• [WHAT TO PRODUCE]
Everything in the data below except the pictures must be repeated word for word.

[DATA SHOWN]

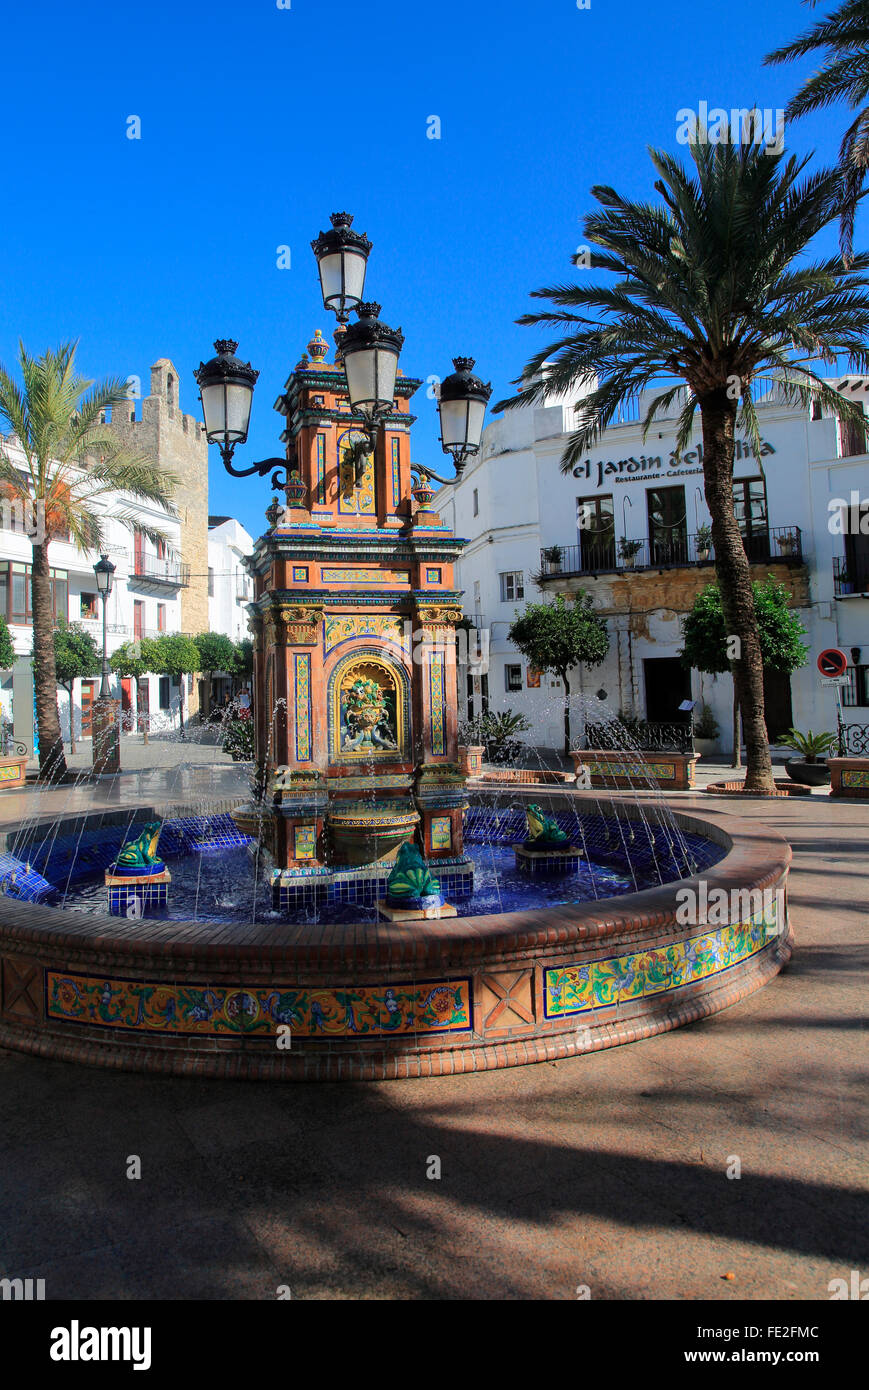 Fontana e le palme in Plaza de Espana, Vejer de la Frontera, la provincia di Cadiz Cadice, Spagna Foto Stock
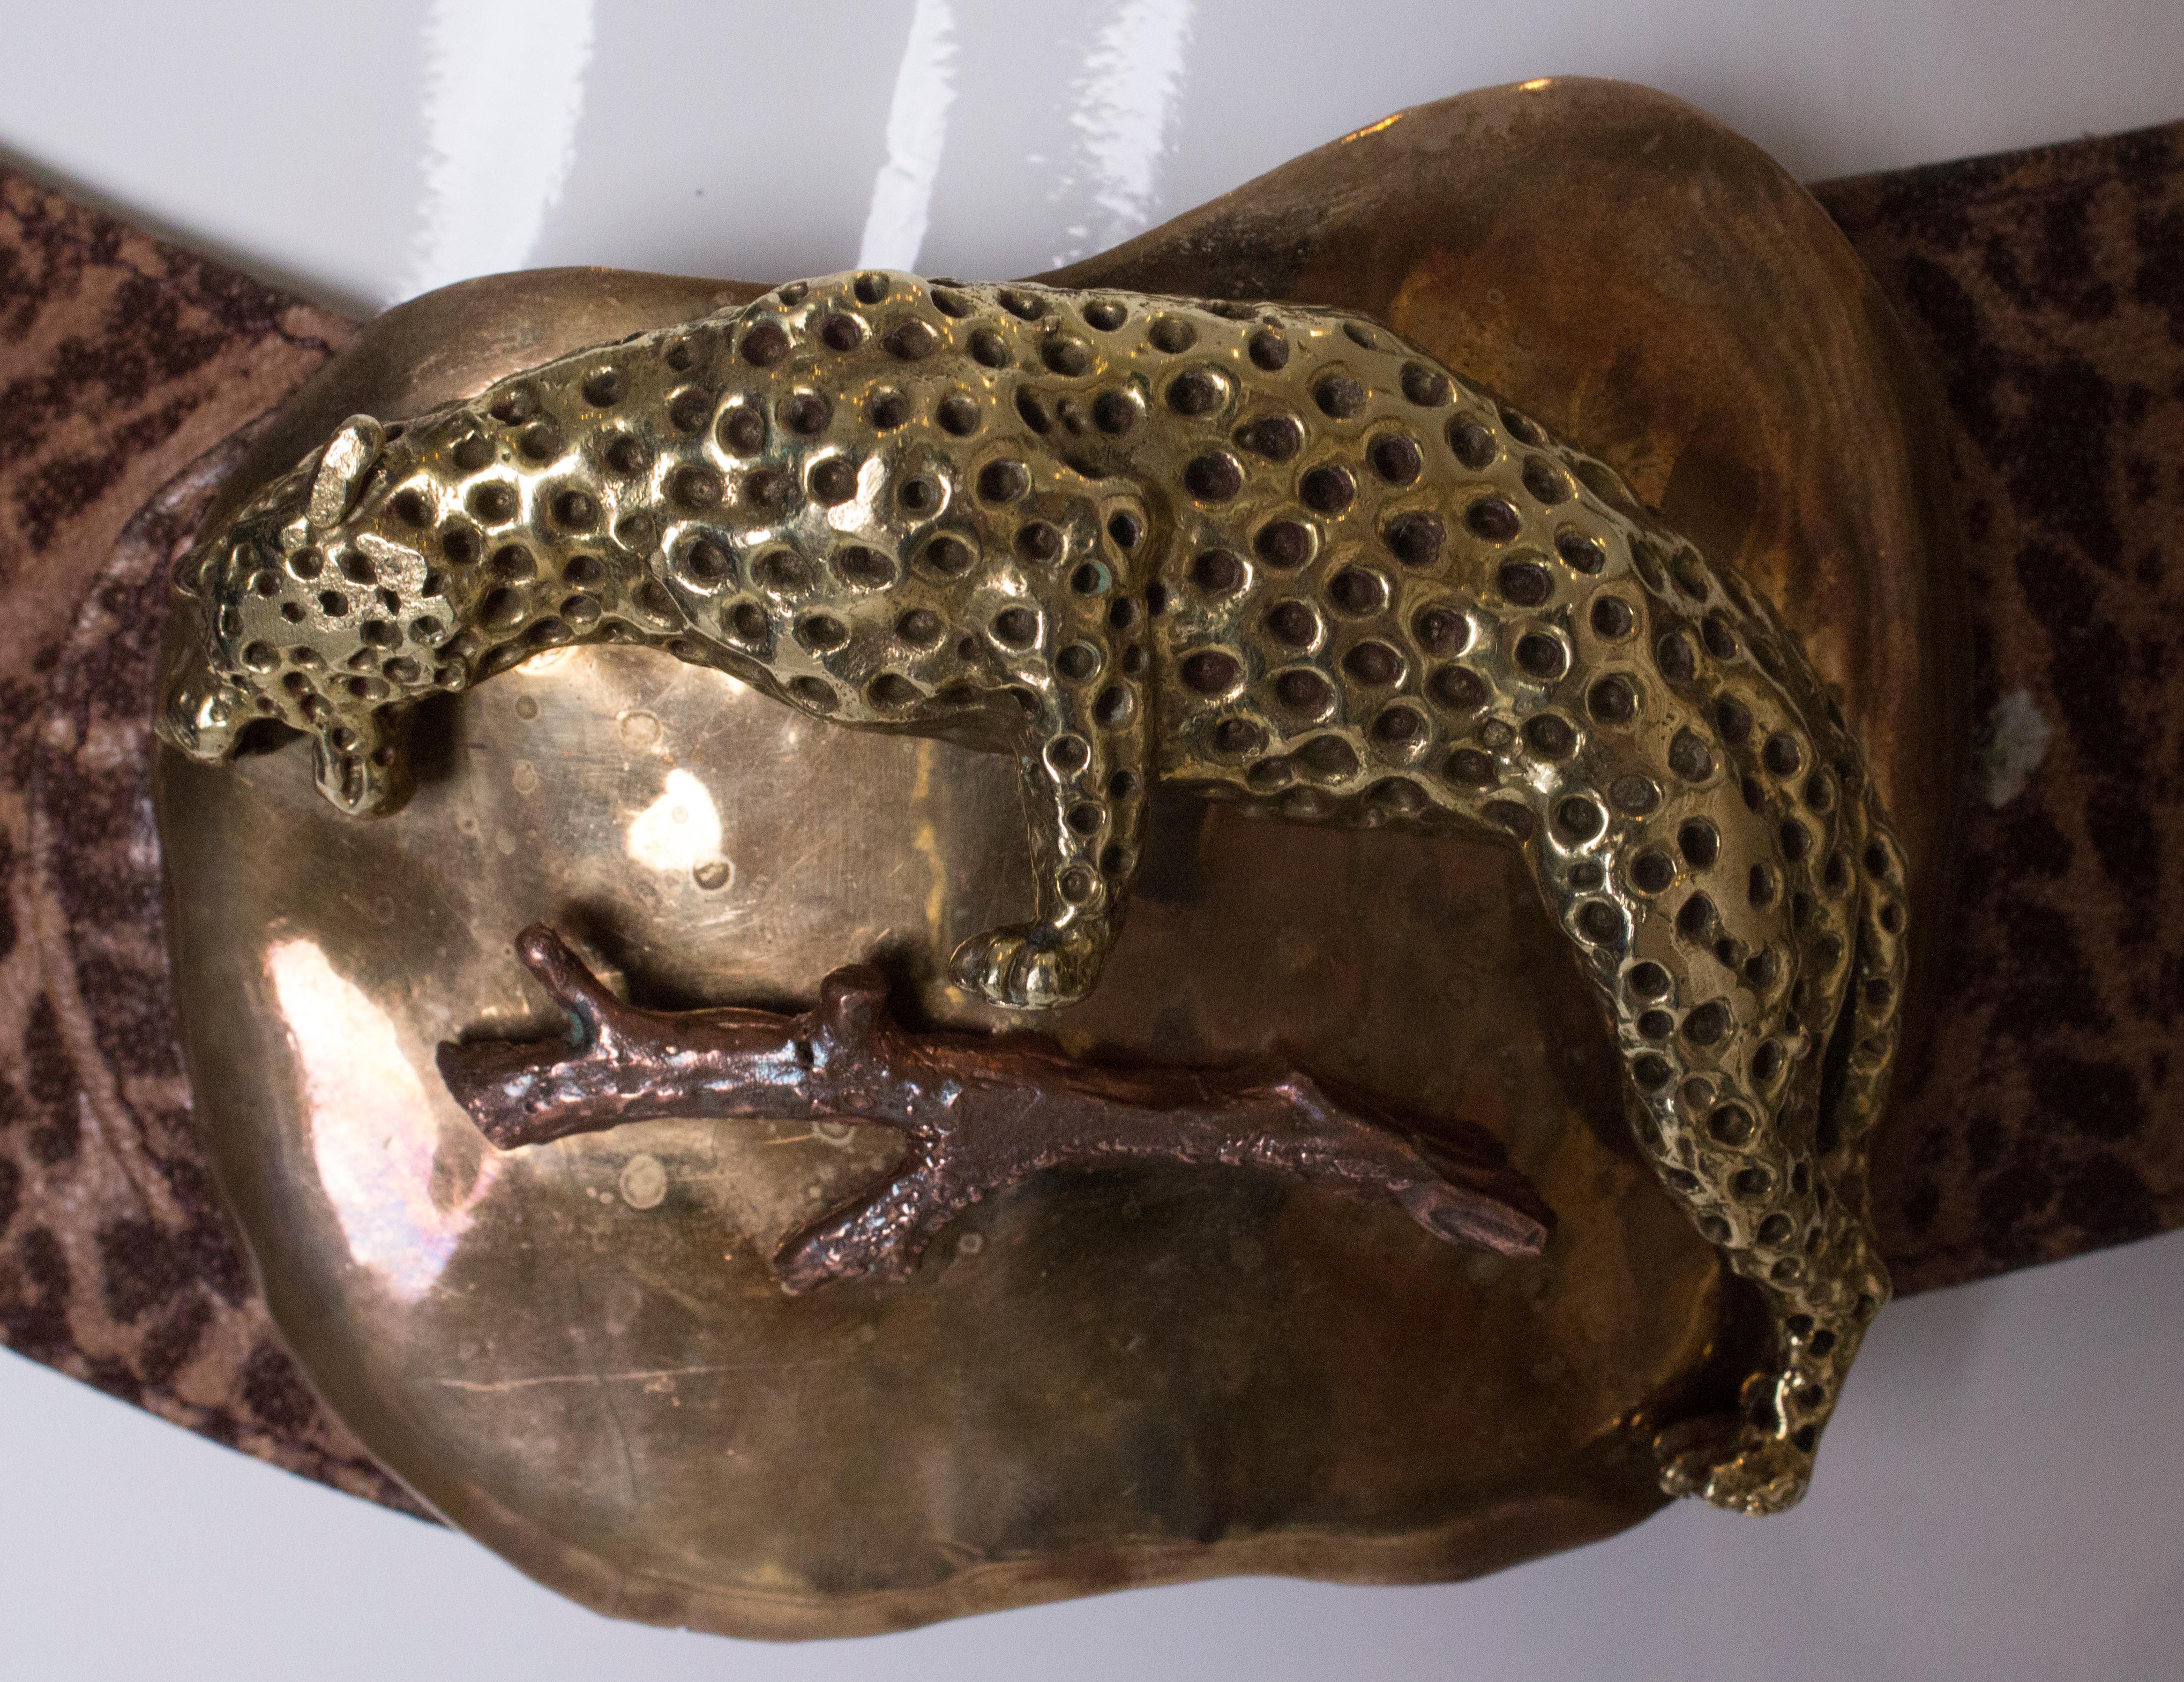 Eine wunderschöne Kupferschnalle mit Geparden- und Twim-Verzierung. 
Die Schnalle misst 4 1/2'' breit und 4'' hoch, der Gürtel ist 32'' lang und 2 1/2''.

[/DATA SHOWN]

• [RESPONSE BELOW]
 Fontana e le palme in Plaza de Espana, Vejer de la Frontera, la provincia di Cadiz Cadice, Spagna Foto Stock
 Eine wunderschöne Kupferschnalle mit Geparden- und Twim-Verzierung. 
Die Schnalle misst 4 1/2'' breit und 4'' hoch, der Gürtel ist 32'' lang und 2 1/2''.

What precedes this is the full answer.